Effect of feeding mannan oligosaccharides (MOS) and Lactobacillus mucosae (LM) on circulating IL-1β concentrations in weanling pigs challenged with Escherichia coli lipopolysaccharides (LPS). Supplementation of 0.1% of MOS in the diet and approximately 10⁹ cfu of LM per pig was done in Phase I (days 1 to 14) and Phase II (days 15 to 28). (a) Serum IL-1β concentrations. b. Serum IL-1β data plot using day 0 IL-1β concentration as a covariate. n = 4 pens per treatment.
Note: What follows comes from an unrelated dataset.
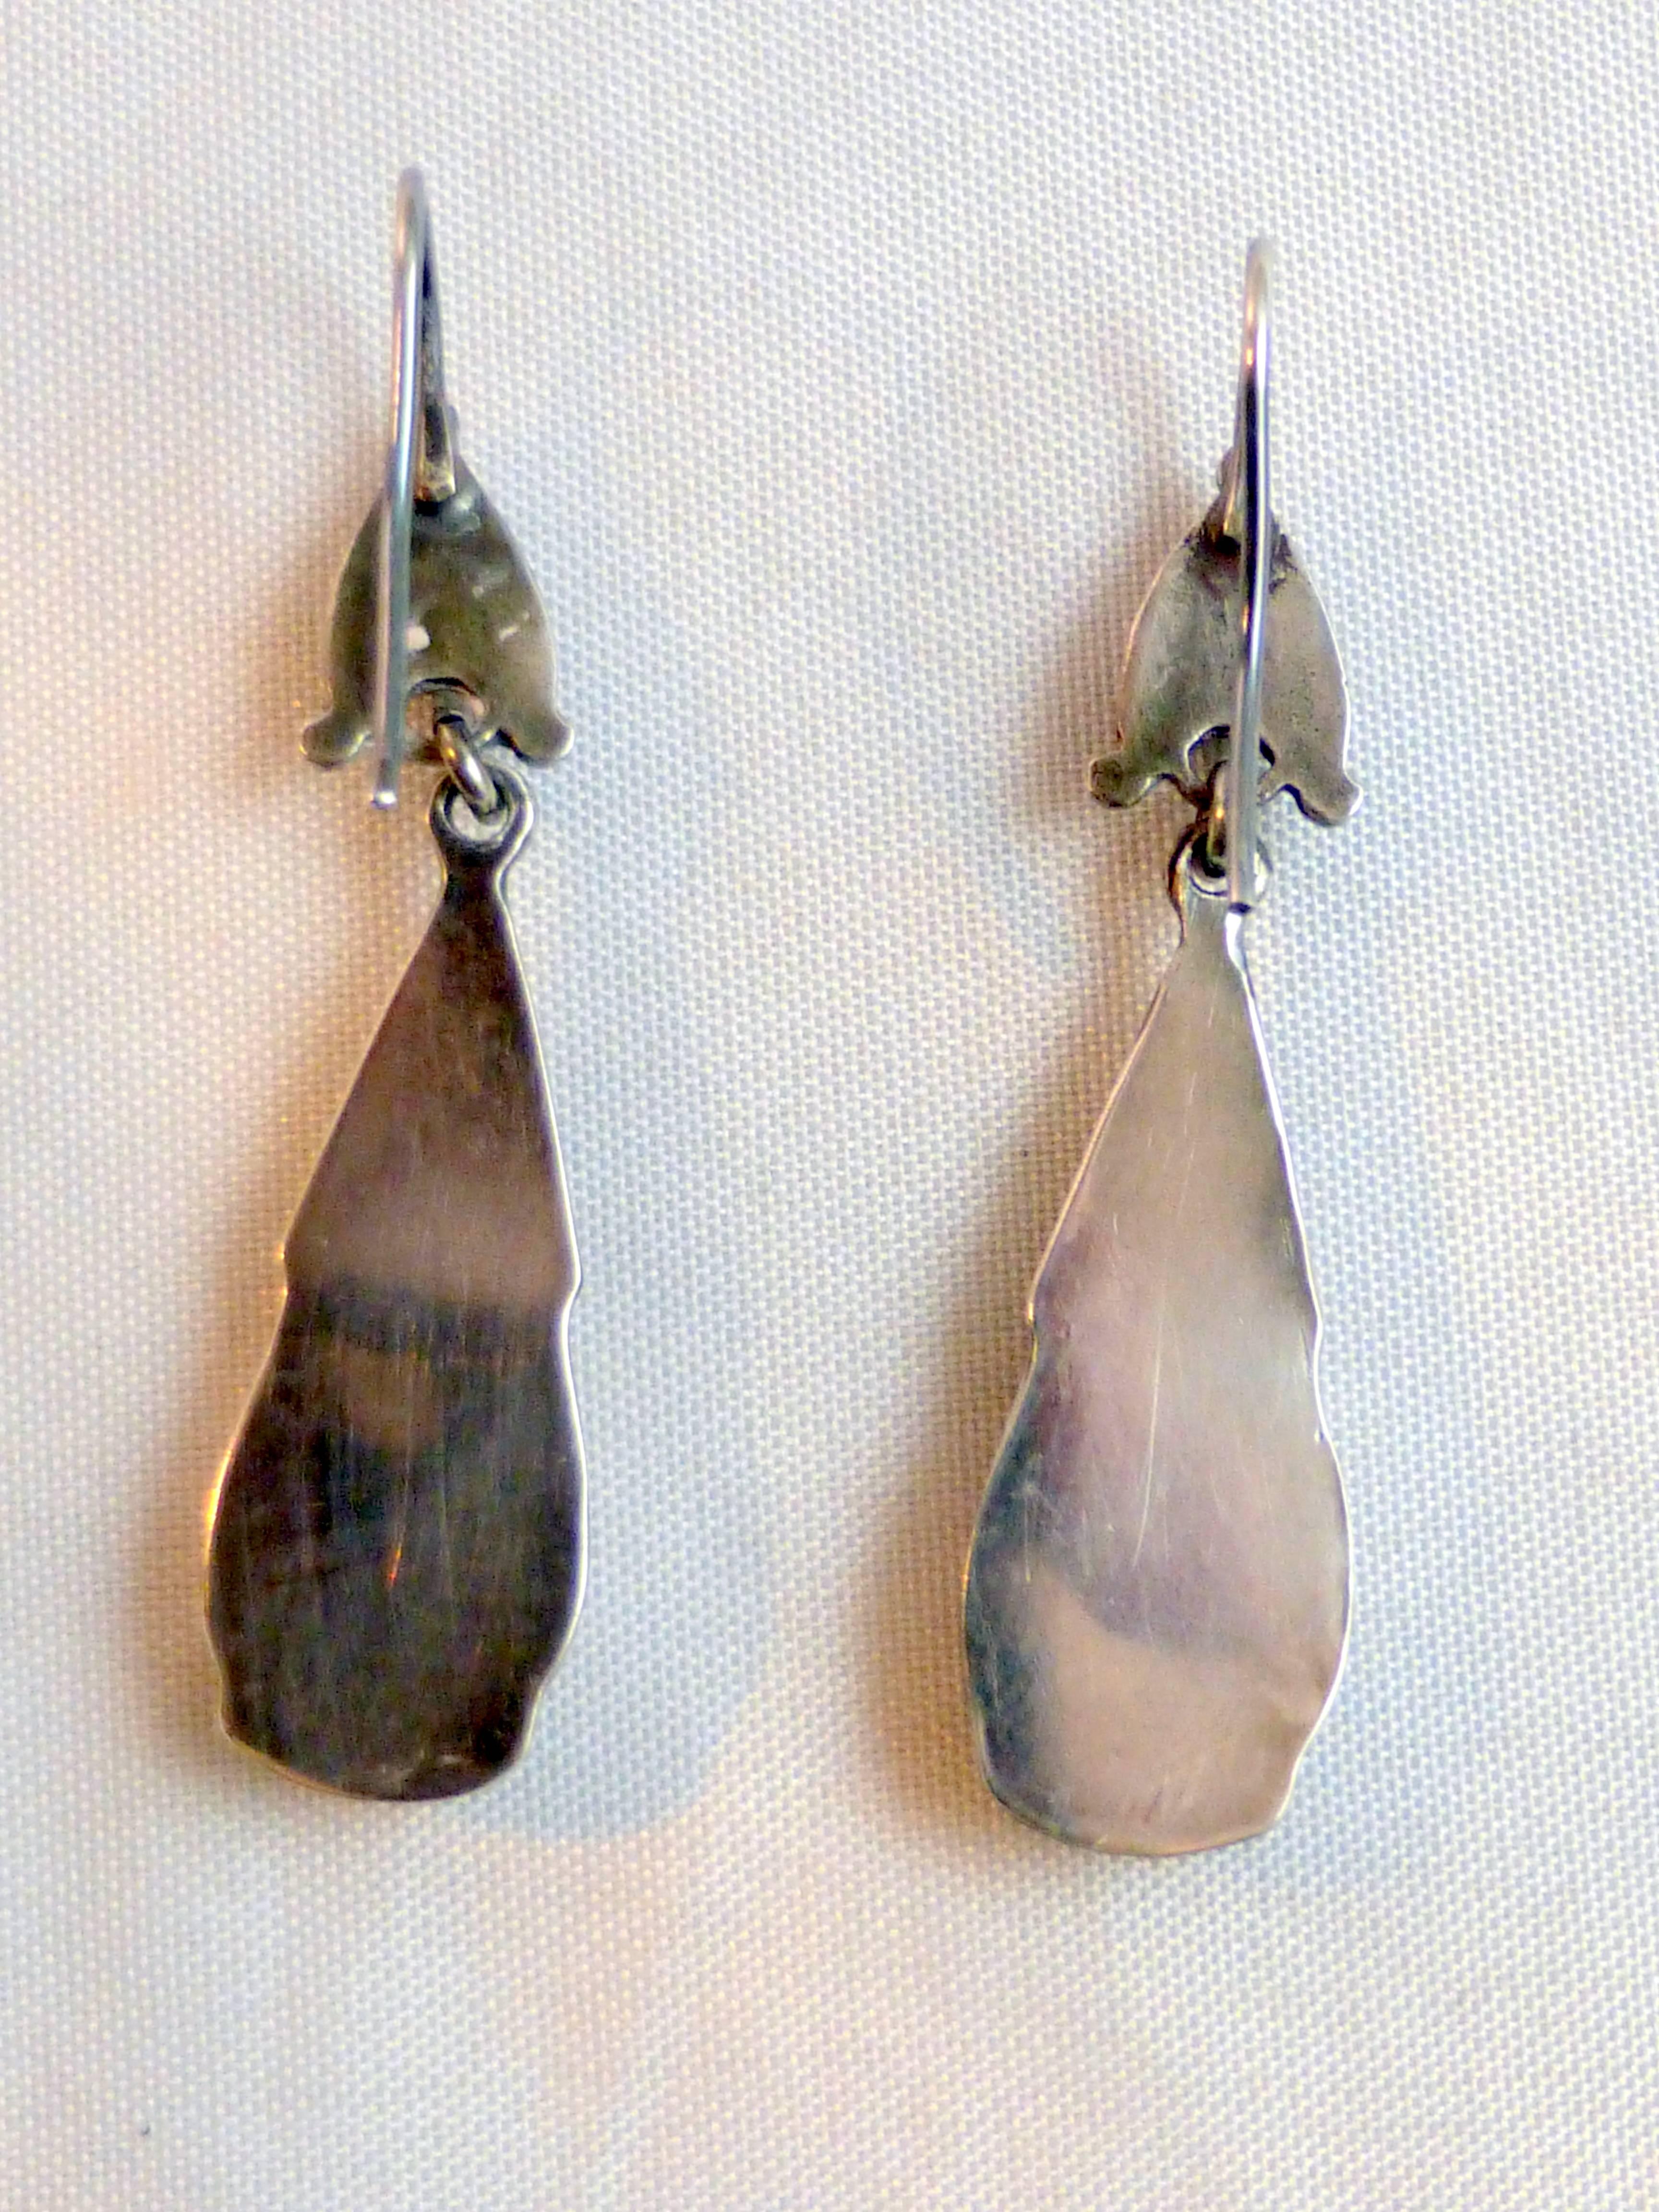 Victorian, sterling silver (unmarked, but tested) - mounted, Scottish agate hanging earrings, Scotland, Ca. 1880's. Without curve of wire, earrings measure @1 1/2

All pigs were challenged with LPS after the blood collection on day 14.

Figure 5.

Effect of feeding mannan oligosaccharides (MOS) and Lactobacillus mucosae (LM) on ileal mucosal immunoglobulins and IL-1β concentrations in weanling pigs challenged with Escherichia coli lipopolysaccharides (LPS). Supplementation of 0.1% of MOS in the diet and approximately 10⁹ cfu of LM per pig was done in Phase I (days 1 to 14) and Phase II (days 15 to 28). a. mucosal IgA; *on day 21, LM vs. MOS+LM: P < 0.10; b. mucosal IgG; c. mucosal IgM; d. mucosal IL-1β; on day 21, 10 out of 16 IL-1β measurements were not detectable and were considered 0 pg/mg of protein. n = 4 pens per treatment.